ElevenLabs generates the voiceover from the approved script. Voice casting is pillar-aware: cosmos topics use different voice profiles to body or modern life topics. Speed is set at 0.85x to 0.9x for clarity and pacing.
A four-layer audio mix is assembled programmatically. Music volume follows a segment envelope (silence on hook, creeping through build, near-silent on cliffhanger). Hard silence punches are inserted at the build-to-tension and tension-to-cliffhanger transitions. Voice is ducked slightly on the cliffhanger to create the lean-in effect.
The assembled video is sent to Telegram for final review before upload. A second human gate catches any assembly errors or visual failures before they reach the channel. Archive on skip preserves the run record regardless of outcome.
Approved videos upload automatically via the YouTube API with metadata, tags, and scheduling. Run IDs are linked to upload records. Analytics are pulled back and logged against each run for performance analysis.
The Prompt Bridge Problem
The most significant engineering challenge in Reel was a disconnect between the script model and the video generation model. Claude writes cinematic scene descriptions of 150 words or more. Veo, the video model, responds to 30-word motion verb prompts and ignores narrative description.

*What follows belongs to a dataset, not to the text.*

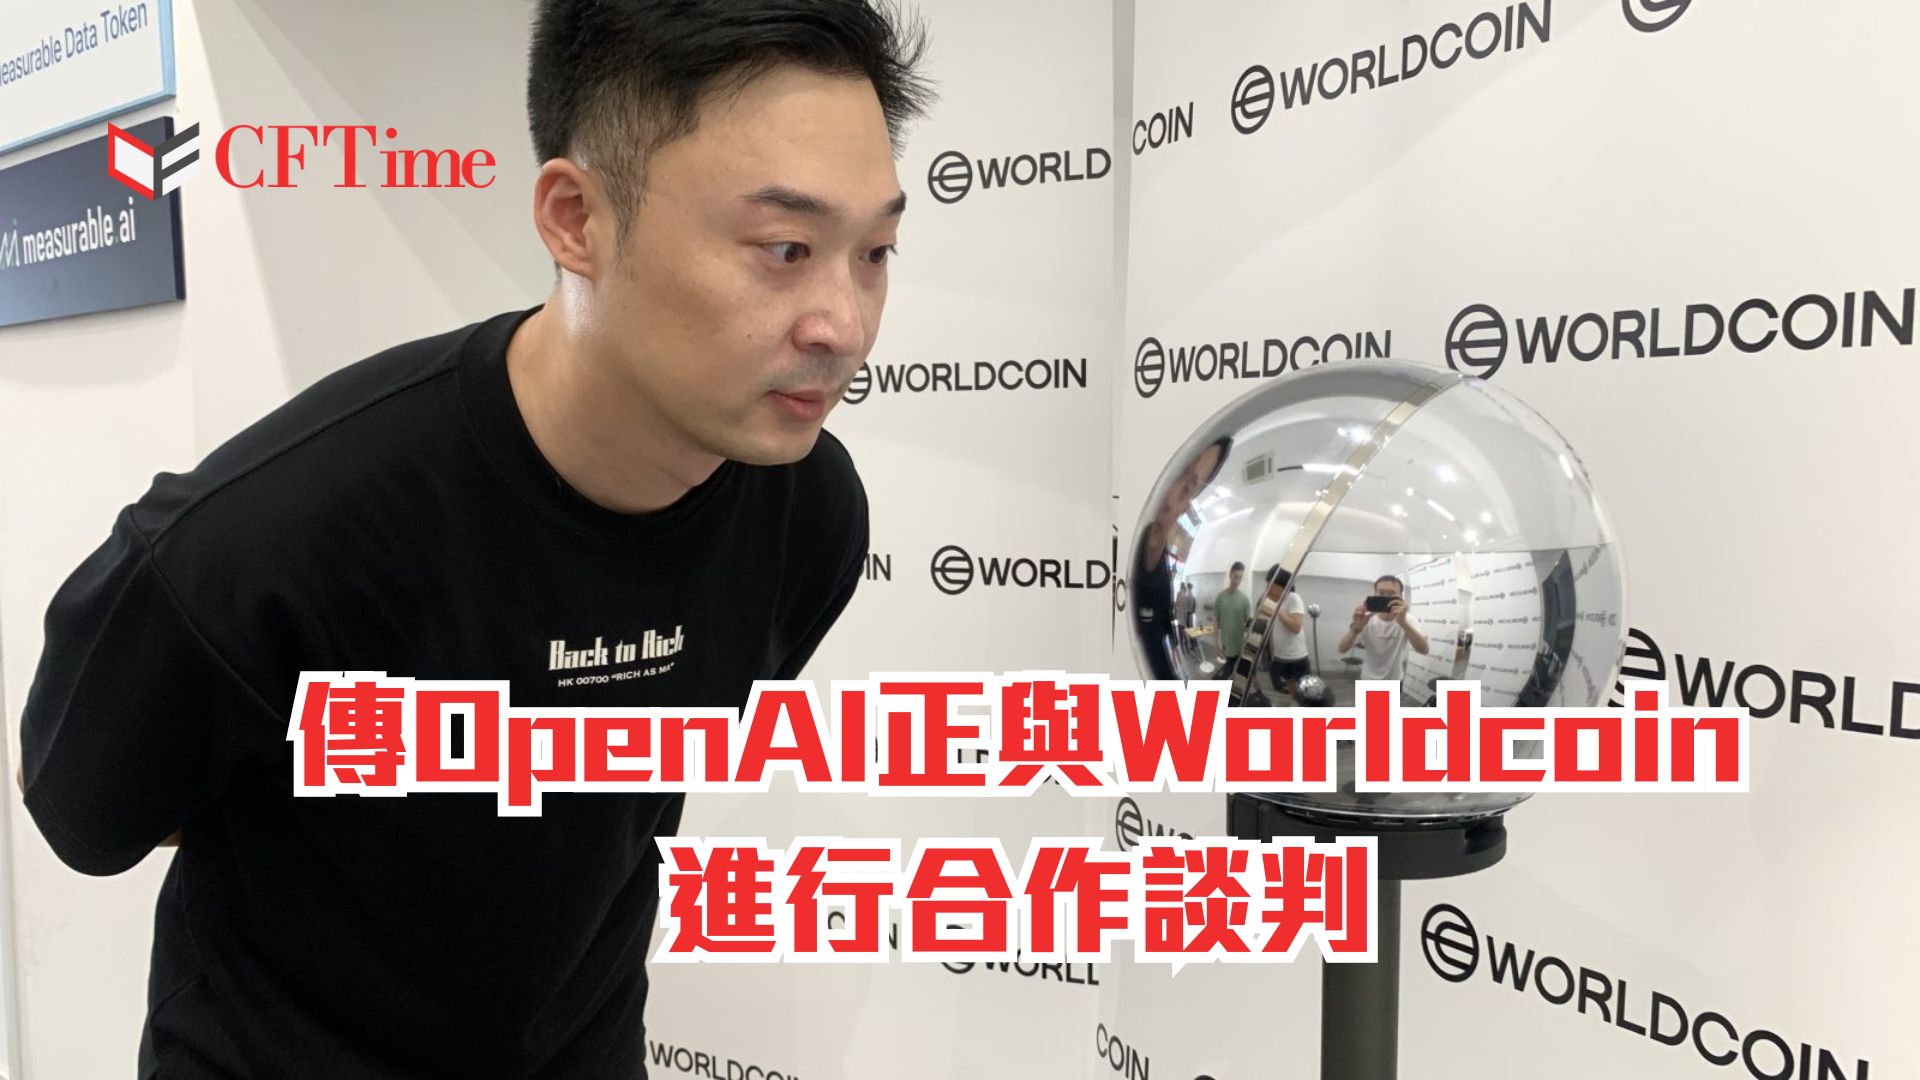 OpenAI正與Worldcoin進行合作談判

The solution was a purpose-built prompt bridge: a template library of proven Veo motion formulas organised by domain, scene type, and camera direction. The bridge extracts key nouns from the Claude description and fills the template slots. Claude writes for humans. The bridge translates for Veo. The two models never need to understand each other directly.
Domain Collision Fix
When a cosmic character's story involves biological vocabulary (skin cells, melanin, cellular landscapes), the image model routes to medical microscopy rather than alien terrain. The anti-collision rules layer detects these domain crossings and reframes the visual prompt with explicit geological terrain framing before the image is generated.
Technology
Five models.
One coherent pipeline.
Reel orchestrates five different AI models in a single production pipeline. Each model handles the task it is actually best at. Claude handles language and structure. Imagen handles photorealistic image generation. Veo handles video motion. ElevenLabs handles voice performance. FFmpeg handles assembly and audio engineering.

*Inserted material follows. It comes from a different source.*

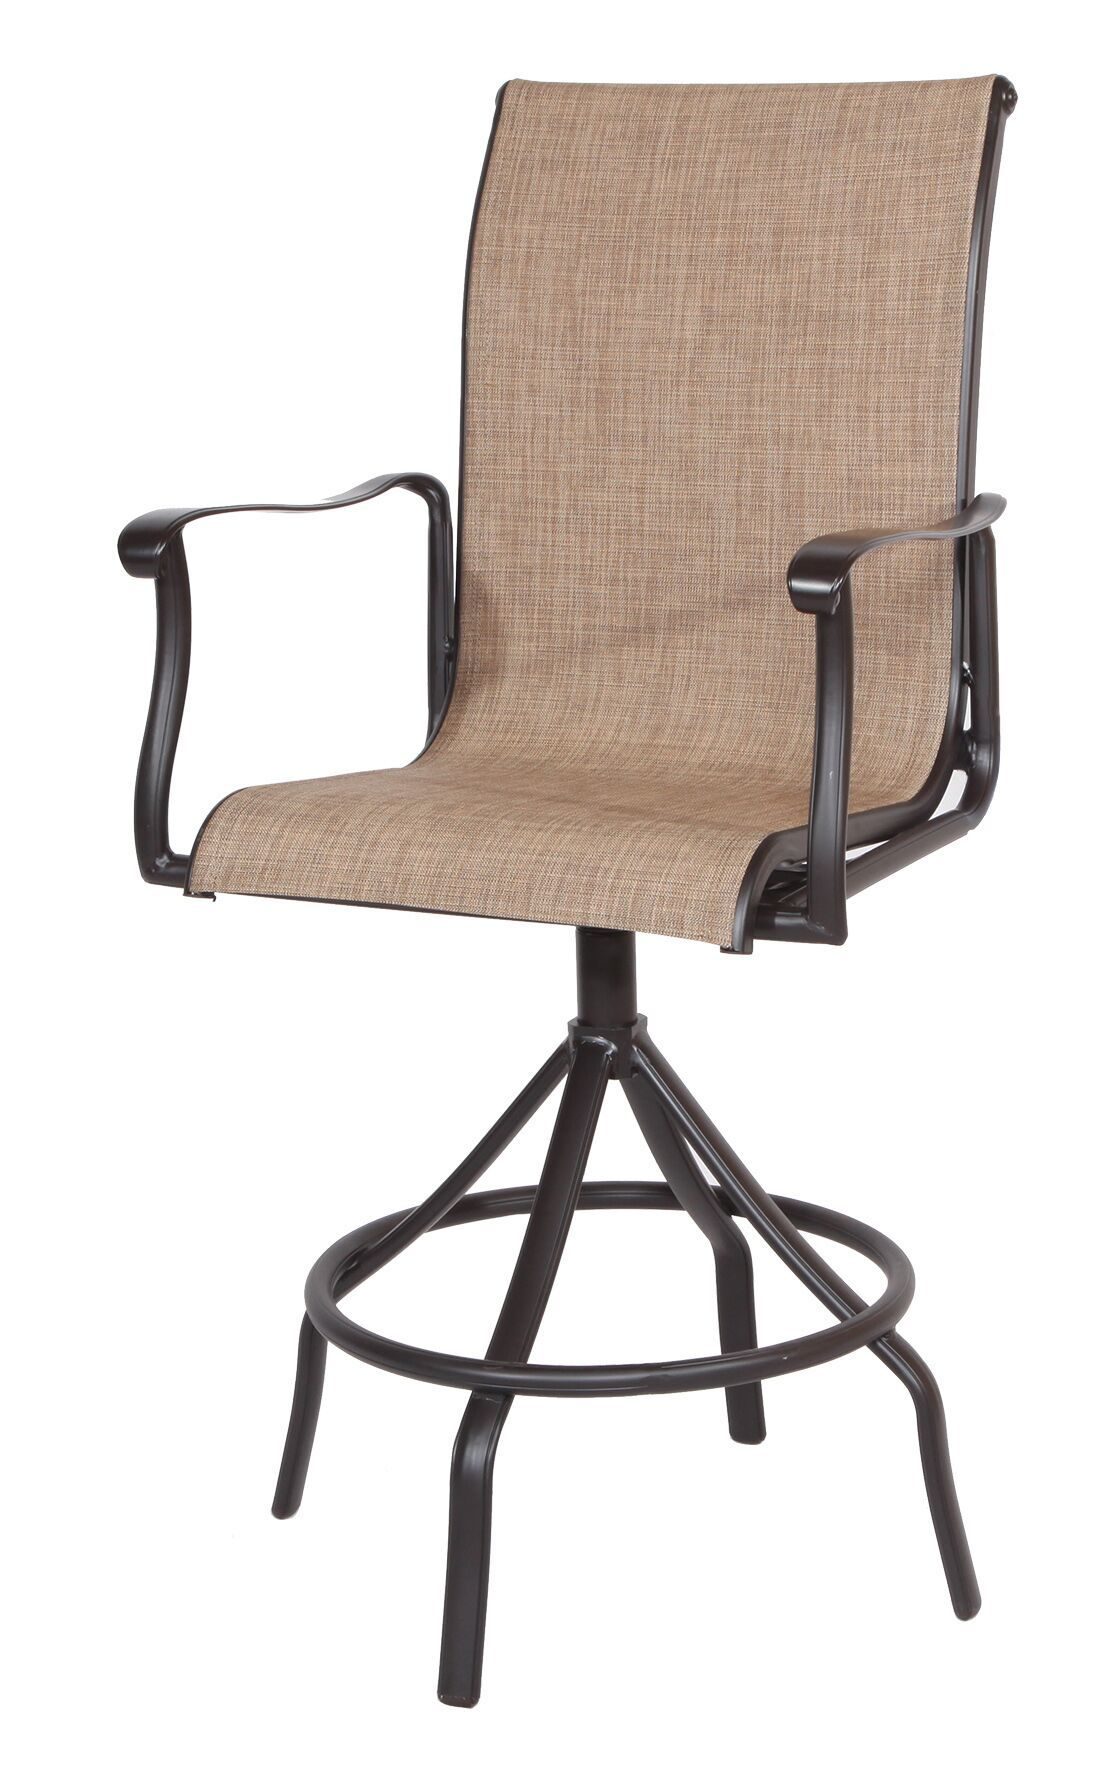 3i Corporation recalls bar chairs

The pipeline architecture separates concerns completely. Adding a new model or replacing an existing one does not require rewriting the adjacent stages. Each stage has a defined input and output schema.
Full Stack
Proof of Work
Published output.
Real channel.
Gate 1 and Gate 2 Telegram approval flows, assembled video examples, and cost-per-run breakdowns. Being added shortly.

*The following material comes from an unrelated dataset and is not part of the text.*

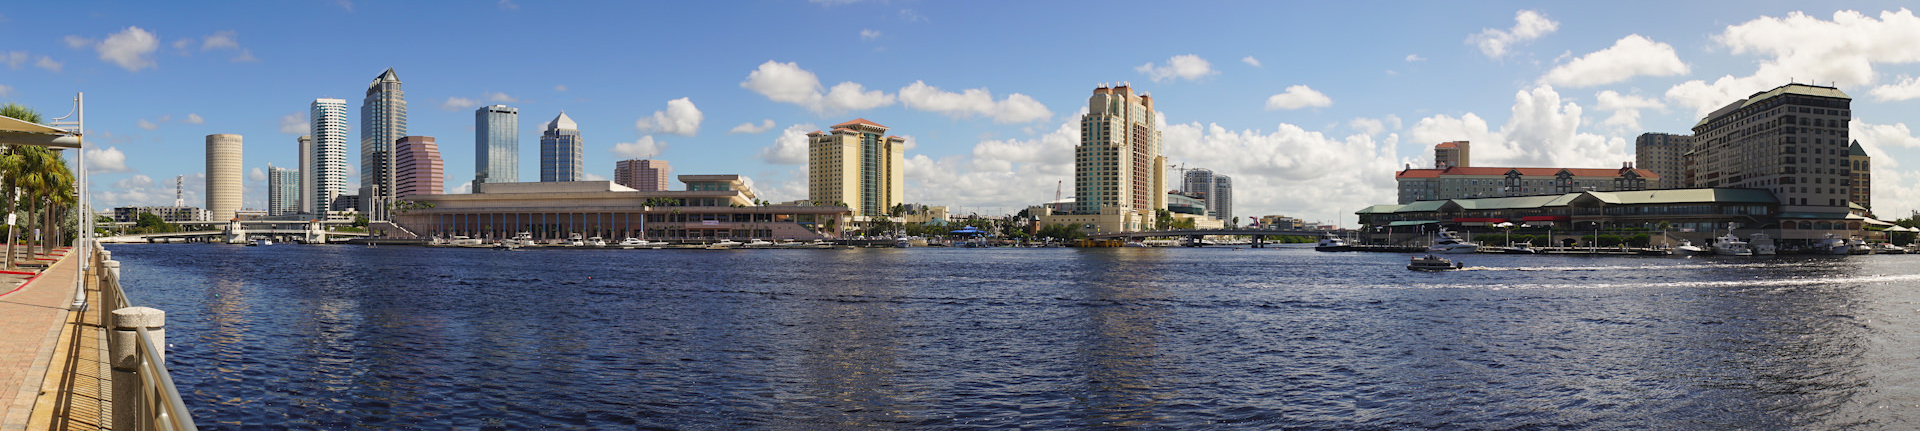 Tampa Waterside Channel

Links to videos produced entirely by Reel without manual production work. Channel link being added shortly.
What We Learned
The failures that
taught the most.
Different models need different prompt formats. Writing prompts for Claude and then passing them to Veo does not work. Each model has its own vocabulary of instructions. The prompt bridge was the most valuable piece of engineering in the entire pipeline.
Video length determines performance more than content. Analysis of published videos showed that videos under 62 seconds consistently outperformed videos over 90 seconds, regardless of topic quality. The word count cap at 145 words came directly from this data.
Posting 3 to 4 videos per day cannibalises your own distribution. YouTube gives each Short an initial algorithmic test audience. Flooding the channel dilutes that test across too many videos. One video per day at the right time outperforms four videos posted overnight.
Human gates are not a failure of automation, they are a design choice. The two approval gates add 5 minutes to the total production time and prevent every class of catastrophic quality failure. They exist by design, not because the automation is incomplete.